Cary-5000紫外光谱仪(美国Varian公司)；LS50B型荧光光谱仪(美国 Perkin Elmer公司)；SevenMulti pH离子综合测试仪(瑞士Mettler Toledo公司)；HH-2数显式恒温水浴锅(常州国华电器公司).实验所用DNA(上海生工生物技术公司)序列为：p53 DNA ss1：5′-CCTCCTCCCCAACTCC-3′；ss2：3′-GGAGGAGGGGTTGAGG-5′；C-myc DNA：ss1：5 ′-GGGAGGGTGGGGAAGG-3 ′；ss2：3 ′-CCCTCCCACCCCTTCC-5.联苯菊酯为标准品(德国Dr.Ehrenstorfer公司)；溴化乙啶(EB)(上海生工生物技术公司)；其它试剂均为分析纯；水为娃哈哈纯净水.

1.2 双链DNA的配置

用2条互补单链DNA(5×10-4mol/L)配置成双链DNA的磷酸盐缓冲液(0.5mol/L，pH=7.3)，在85℃下，退火12min，缓慢冷却到25℃，得到双链DNA溶液浓度为5×10-4mol/L.

1.3 实验方法

紫外光谱实验：用0.1mol/L磷酸盐缓冲液(pH=7.3)配制联苯菊酯溶液，得到联苯菊酯溶液浓度为1.0×10-4mol/L和5.0×10-4mol/L，逐渐将不同体积的联苯菊酯溶液滴加到500μL浓度为5.0×10-6mol/L DNA的磷酸盐缓冲液(pH=7.3)中，使DNA与联苯菊酯的摩尔比为4：1～1：4，测量DNA溶液在190～500nm处紫外吸收光谱的变化.参比溶液为0.1mol/L磷酸盐缓冲液(pH=7.3).

变温实验：将5.0×10-6mol/L的DNA溶液和5.0×10-4mol/L的联苯菊酯溶液等摩尔混合，在37℃下恒温3h，然后进行程序升温.参比溶液为0.1mol/L磷酸盐缓冲液.测定在25～90℃温度范围内溶液在260nm处的吸光度(A260nm).升温速率为2℃/min.

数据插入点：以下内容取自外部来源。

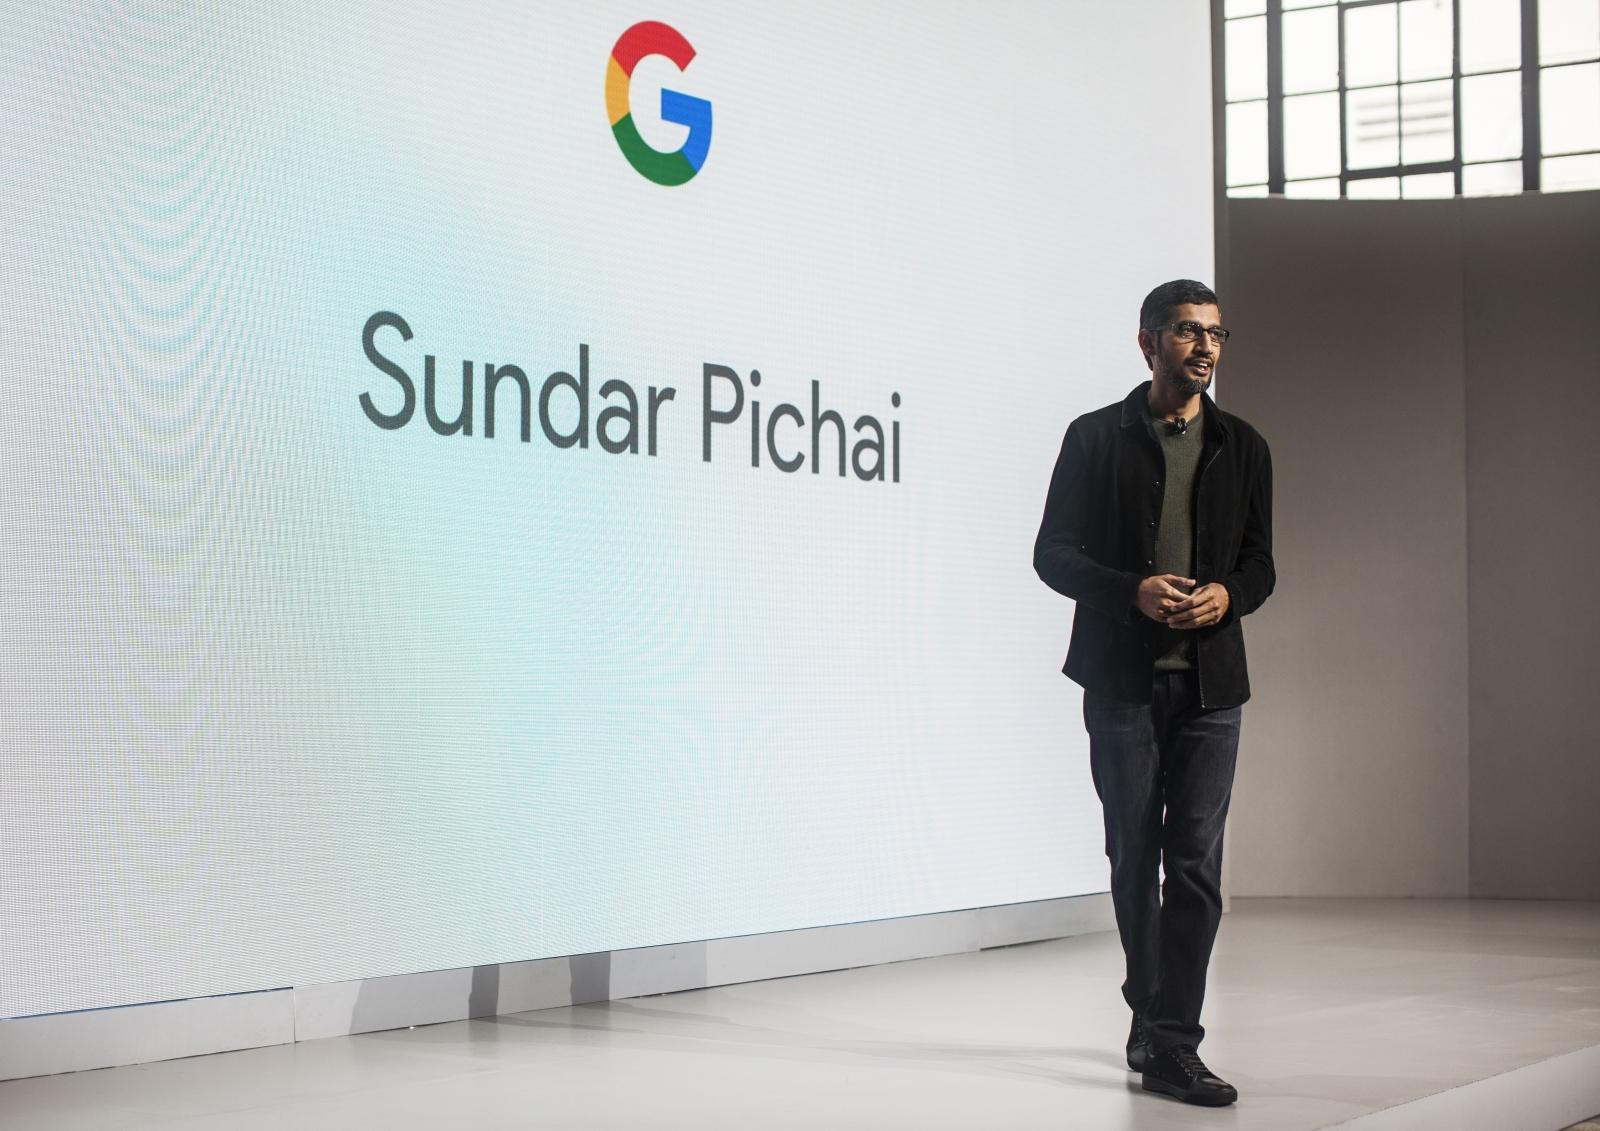 Executives Google Video
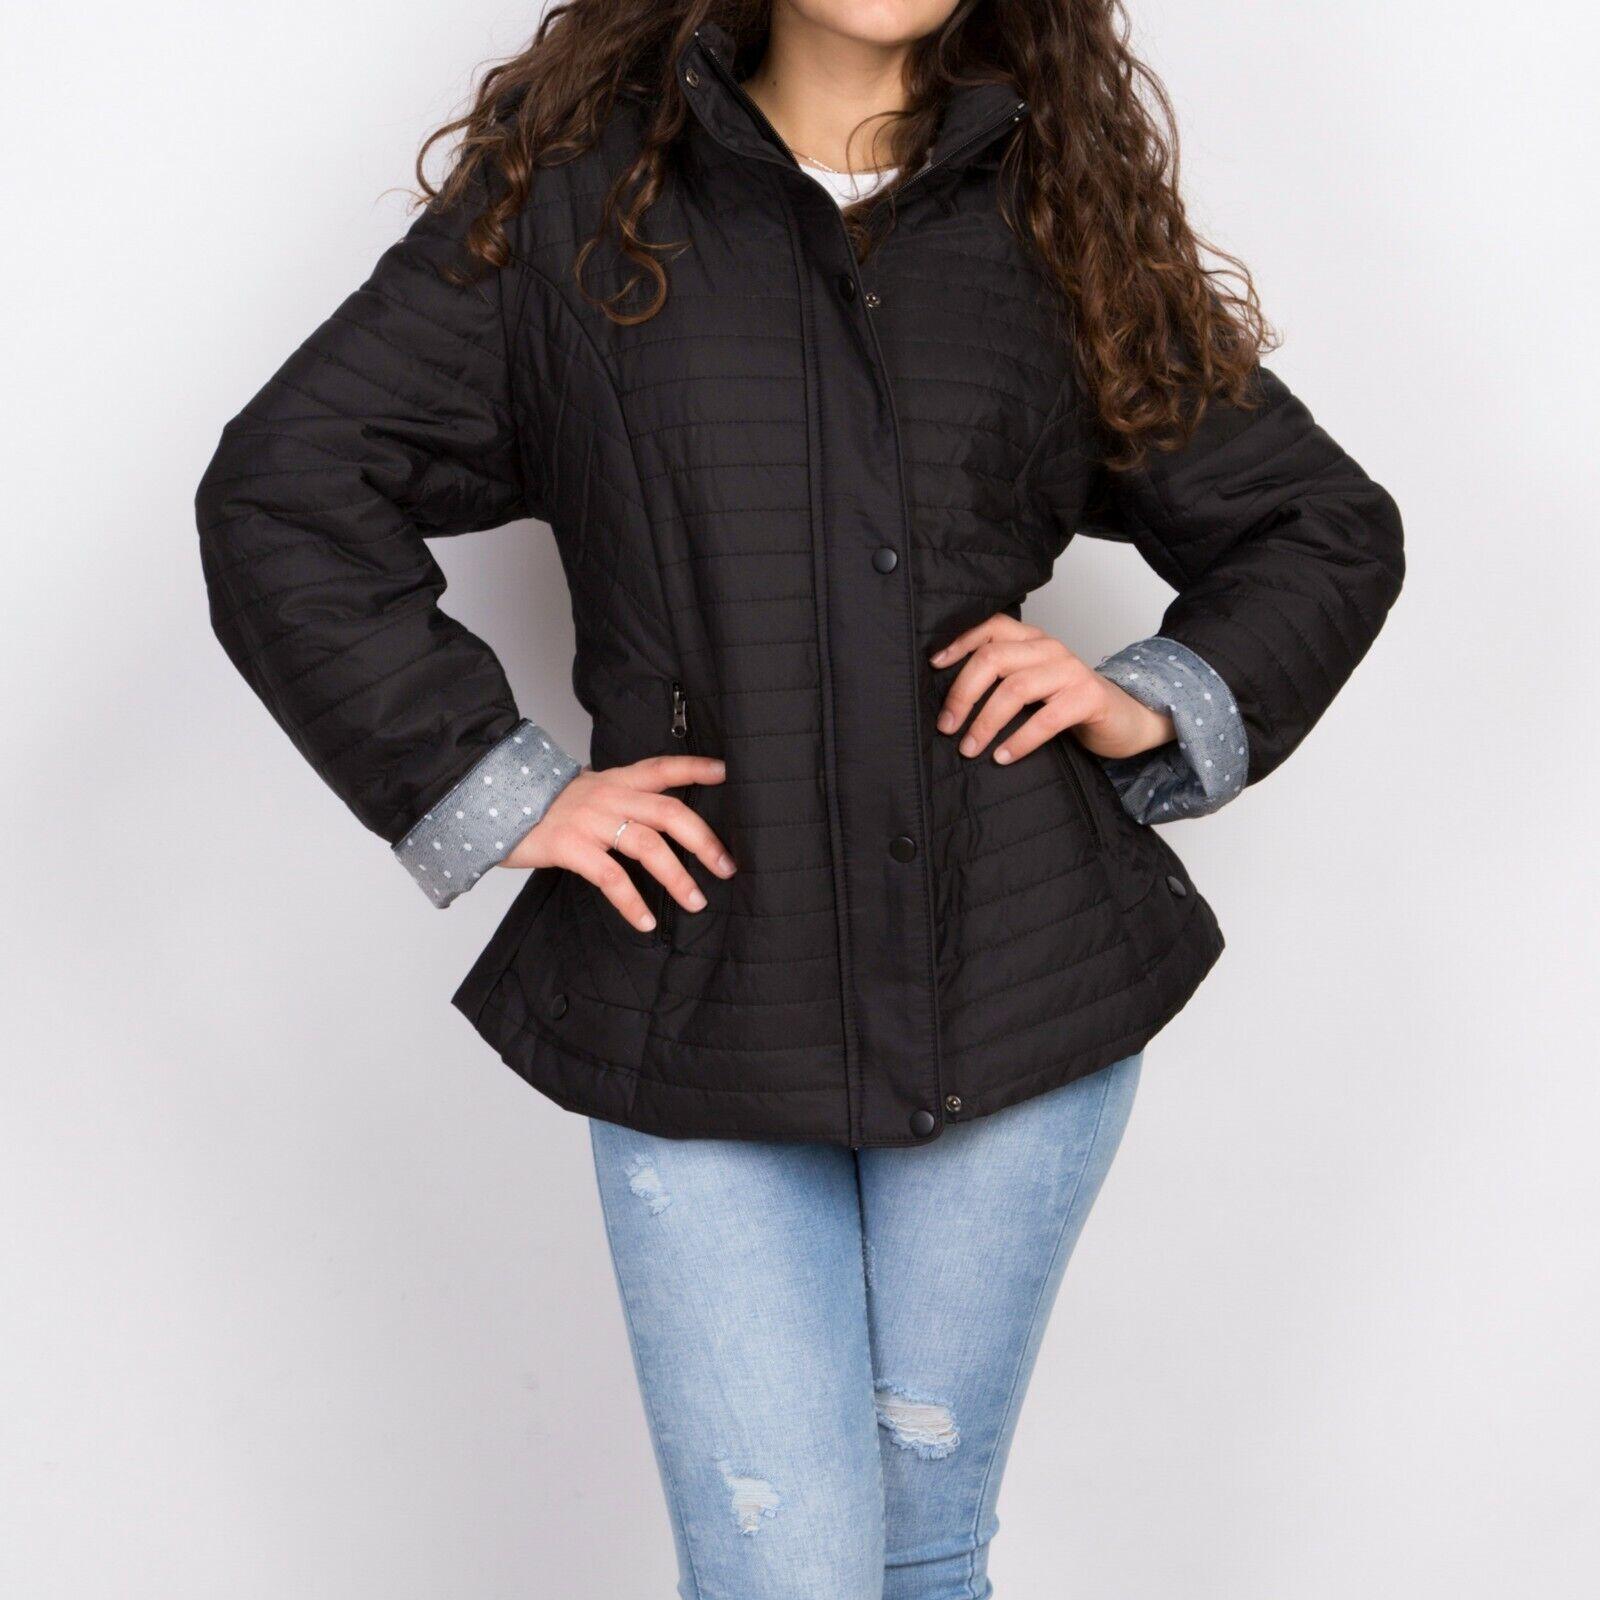 quality design ffa9b 92dbf Piumino donna giubbotto giacca 100 grammi leggero taglie ...

EB-DNA荧光猝灭实验：将DNA与EB溶液混合得到EB-DNA混合体系，再分别加入不同剂量的联苯菊酯溶液，使联苯菊酯与DNA的摩尔比为1：1 ～8：1，测定联苯菊酯加入后对 EB-DNA 体系的荧光影响情况.荧光激发和发射狭缝宽度均为5nm.

离子强度影响实验：将DNA与EB、NaCl三种溶液混合，得到NaCl-EB-DNA的三元溶液体系，滴加不同体积的联苯菊酯溶液，使联苯菊酯与DNA摩尔比为1：1～8：1，测其对该三元溶液体系的荧光影响.与EB-DNA体系的猝灭效应作比较.荧光激发和发射狭缝宽度均为5nm.

2 结果与讨论

2.1 联苯菊酯与DNA相互作用的紫外滴定实验

将不同体积的联苯菊酯逐渐滴加至DNA溶液中，DNA溶液的紫外吸收光谱变化如图2所示.由图可见，随着DNA与联苯菊酯的浓度比从4：1递减至1：4，DNA在260nm处的特征吸收峰呈减色效应，但吸收峰的位置无明显位移，一般来说，对于典型的嵌插，由于DNA的π电子和小分子的π电子会发生堆积作用，可出现紫外减色效应和红移现象，如果是静电或沟槽作用就会表现为吸收峰小幅红移但强度无明显改变.图中，联苯菊酯加入后，DNA的紫外吸收峰呈有规律的减色但无红移现象，这说明联苯菊酯和两种DNA之间均存在相互作用，但并非完全的嵌插作用，可能为较弱的部分嵌插.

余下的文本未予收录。